During a news conference on Thursday, June 2, at the College’s Washington, DC, office, ACS leaders called for bipartisan solutions to reduce the rising number of deaths and serious injuries seen in trauma centers daily as the result of firearm violence—including the recent massacre of children in Uvalde, TX, and two surgeons in Tulsa, OK.
“This is a public health crisis, not a political debate. The American College of Surgeons is committed to crafting solutions that save lives and minimize preventable death,” said ACS Executive Director Patricia L. Turner, MD, MBA, FACS. “We are unwilling to wait for another tragedy to befall another community when we believe we have a series of actions that will have an impact.”
She explained that trauma surgeons are practical problem solvers who see and live through this crisis every day, treating patients who are victims of attempted suicides, homicides, and who suffer other grievous injuries from firearms. “We must be an integral part of the solution to reduce the rising number of deaths we see every year.”

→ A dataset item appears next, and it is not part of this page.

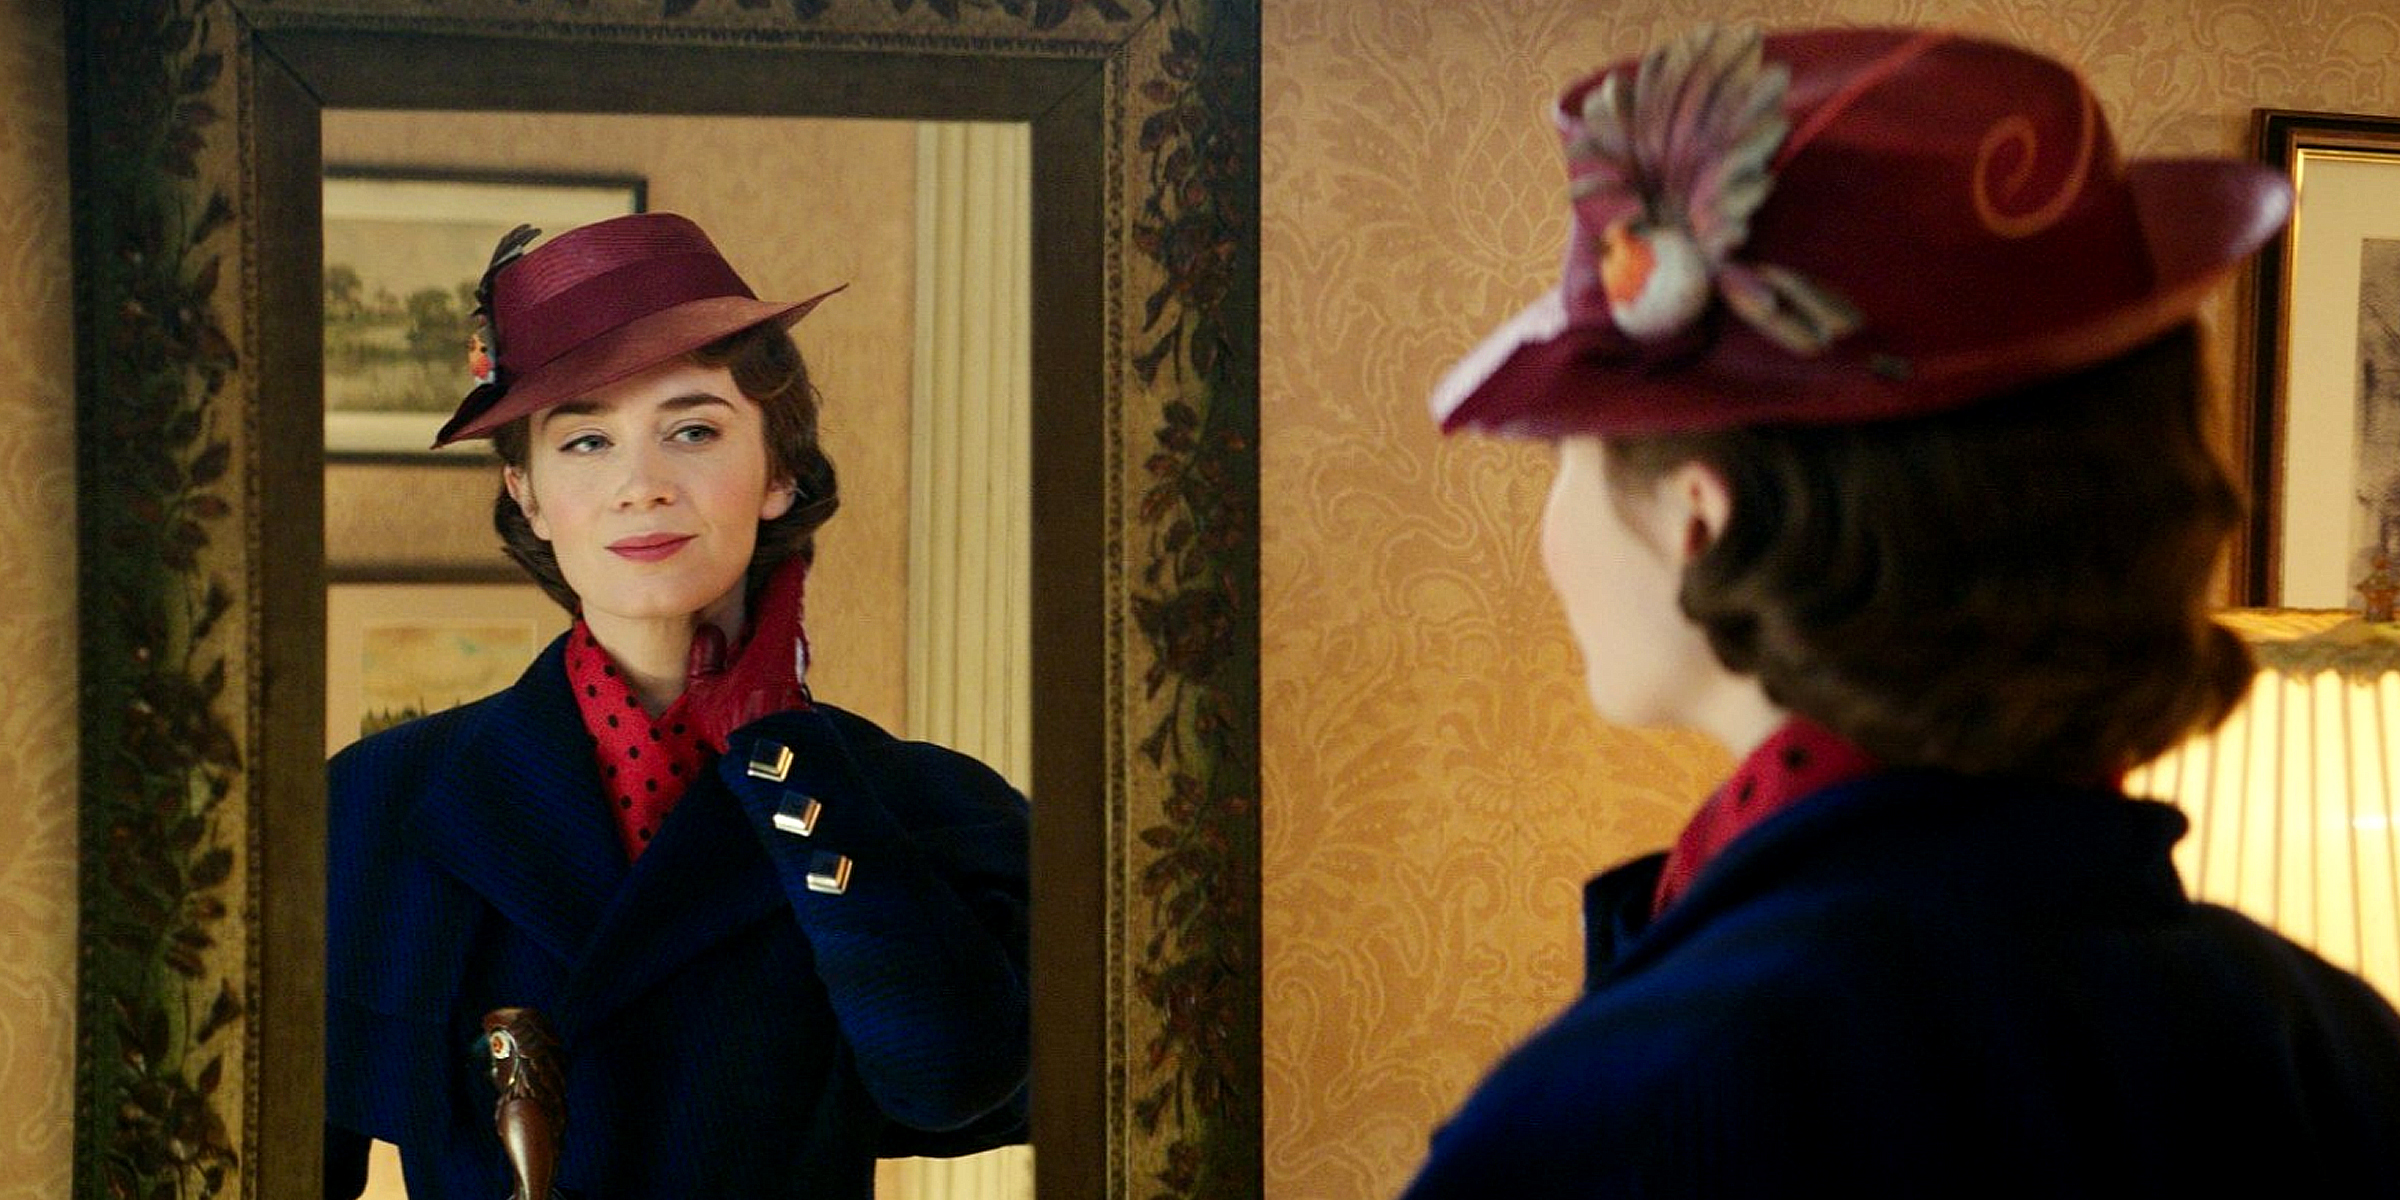 Emily Blunt is Mary Poppins and Joel Dawson is Georgie Banks in Disney’s MARY POPPINS RETURNS, a sequel to the 1964 MARY POPPINS, which takes audiences on an entirely new adventure with the practically perfect nanny and the Banks family.

The ACS Committee on Trauma Firearms Strategy Team (FAST) is urging adoption of consensus-driven recommendations created in 2018 that would reduce firearm violence. The FAST recommendations cover 13 areas, including background checks, registration, licensure, firearm education and training, safe storage practices, red flag laws, mental health issues, and more research to better inform an approach going forward and address the root causes of violence.

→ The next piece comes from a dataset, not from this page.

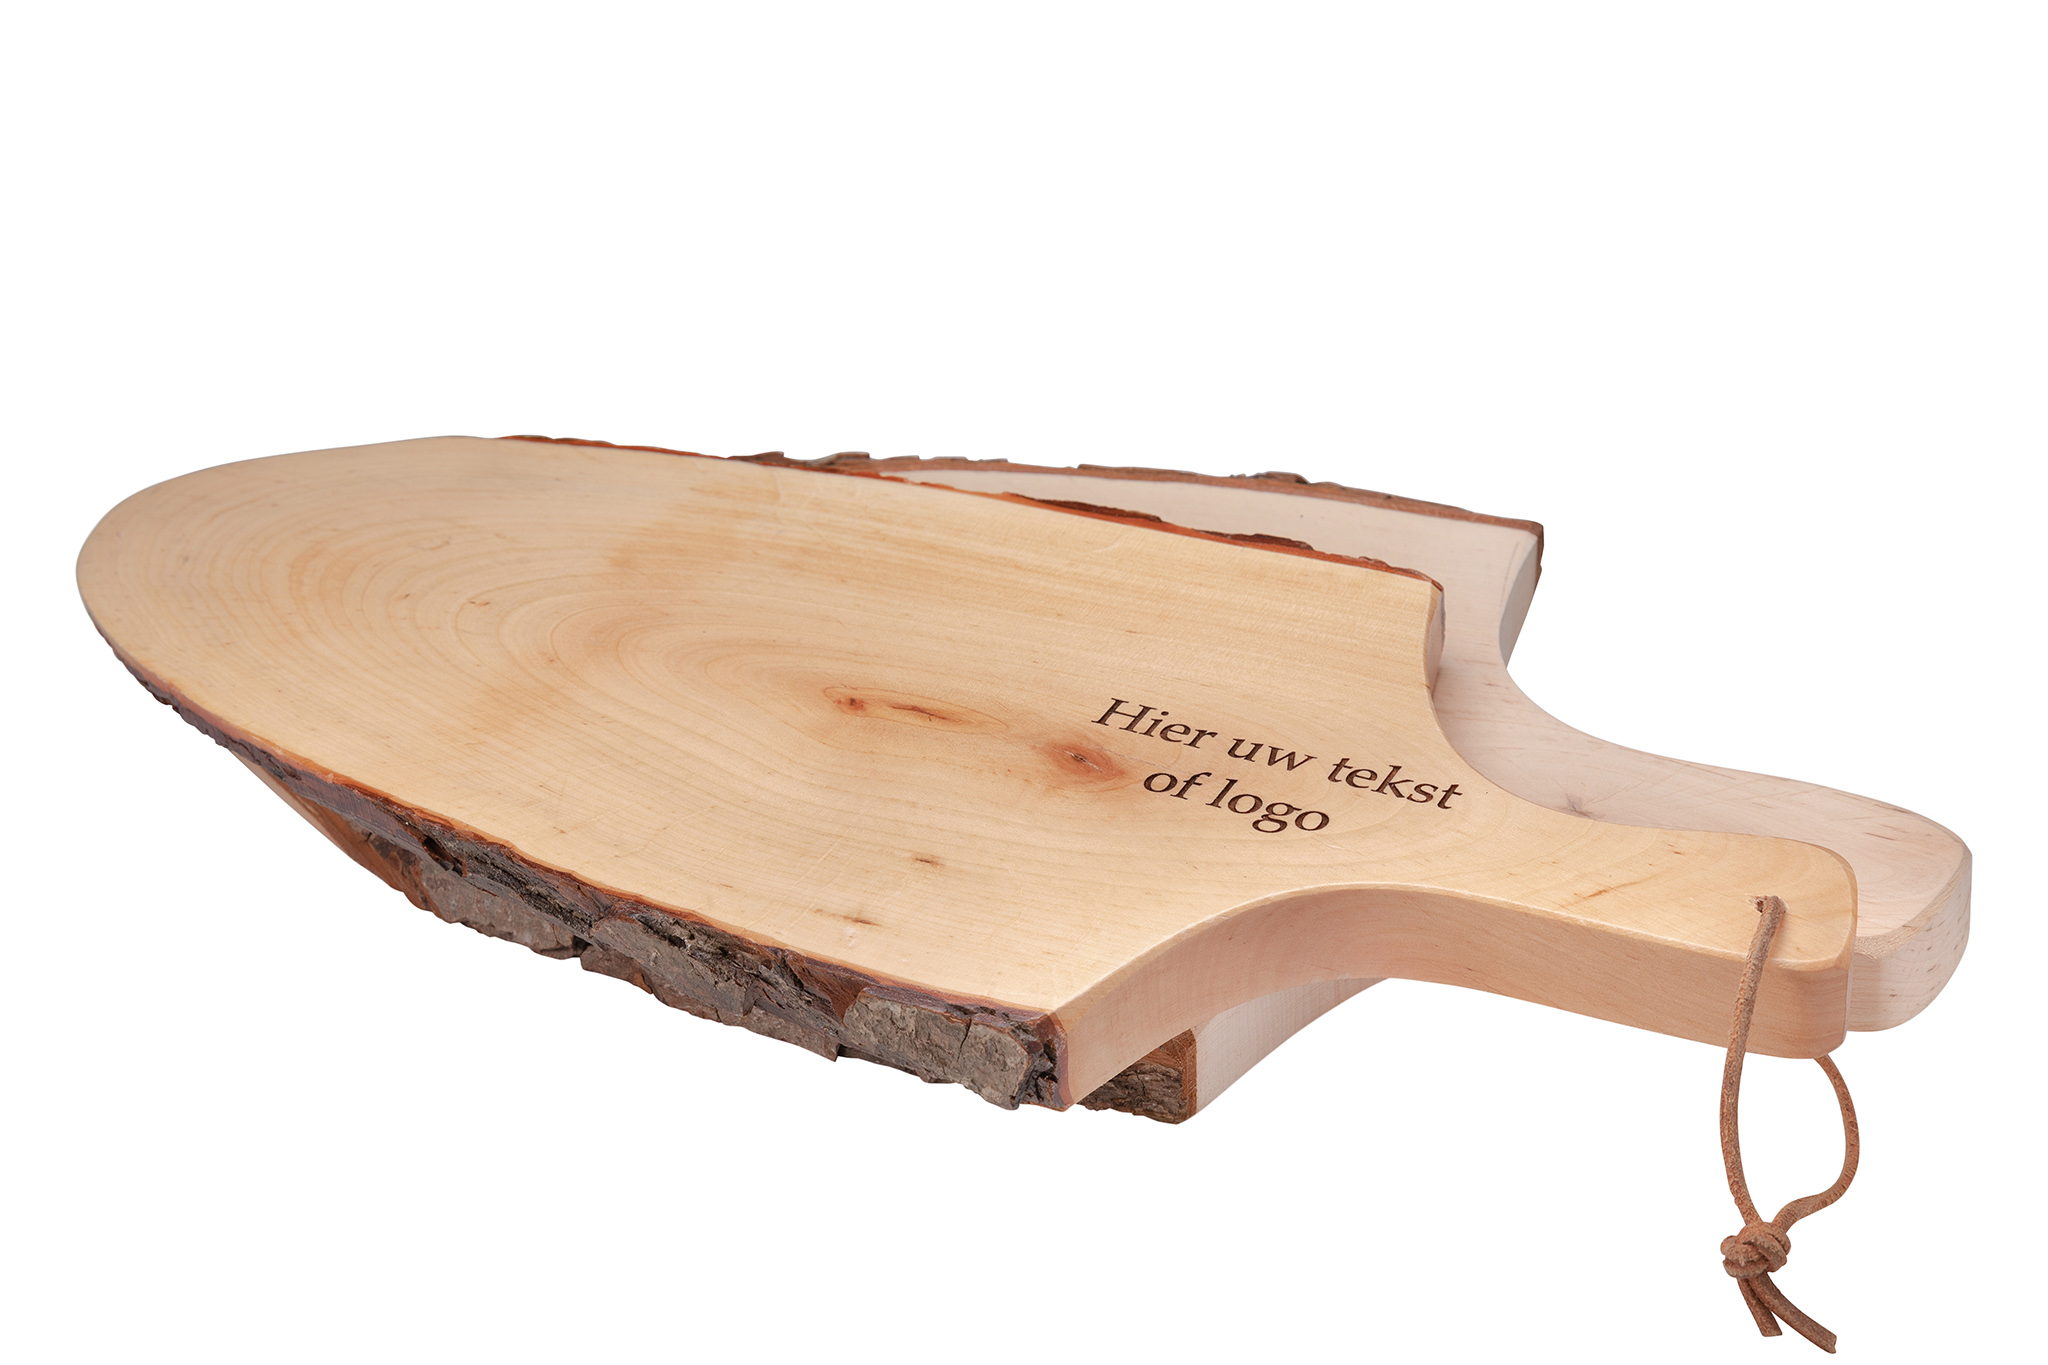 Customized alder serving board with handle - Laholm

“These comprehensive recommendations provide a road map to a solution and can have an immediate impact on saving lives,” said Eileen M, Bulger, MD, FACS, Medical Director of ACS Trauma Programs.
Trauma surgeon and Immediate-Past Director of ACS Trauma Programs Ronald M. Stewart, MD, FACS, provided a compelling frontline perspective on the crisis. Dr. Stewart, who chairs the department of surgery at University Hospital in San Antonio, TX, explained that he has been in the unfortunate position of caring for victims from two of the largest mass shootings in modern US history—the Sutherland Springs First Baptist Church and Uvalde school shootings—and described the “horrific” injuries inflicted by high-velocity weapons.
“These tragedies are preventable. We can prevent these atrocities,” he said.
Patrick V. Bailey, MD, MLS, FACS, a pediatric surgeon who currently serves as a Medical Director in the ACS Division of Advocacy and Health Policy, observed that the FAST recommendations were developed through “a very deliberative process that included the participation and perspective of other surgeons who, like me, were also gun owners but who seek to reduce the impact of gun violence on our country.”
Other ACS COT initiatives highlighted at the news conference included the STOP THE BLEED® program, which helps to educate and train people on how to control serious bleeding, and efforts of the Improving Social Determinants to Attenuate Violence (ISAVE) workgroup, which presents strategies for trauma centers to address the root causes of violence. The COT’s 2019 Medical Summit on Firearm Injury Prevention also was highlighted.
The important work started at the inaugural Medical Summit on Firearm Injury Prevention will continue when the conference reconvenes this fall, announced COT Chair Jeffrey Kerby, MD, PhD, FACS. “We must continue building our collective will and work creatively to address the root causes that have led to this epidemic.”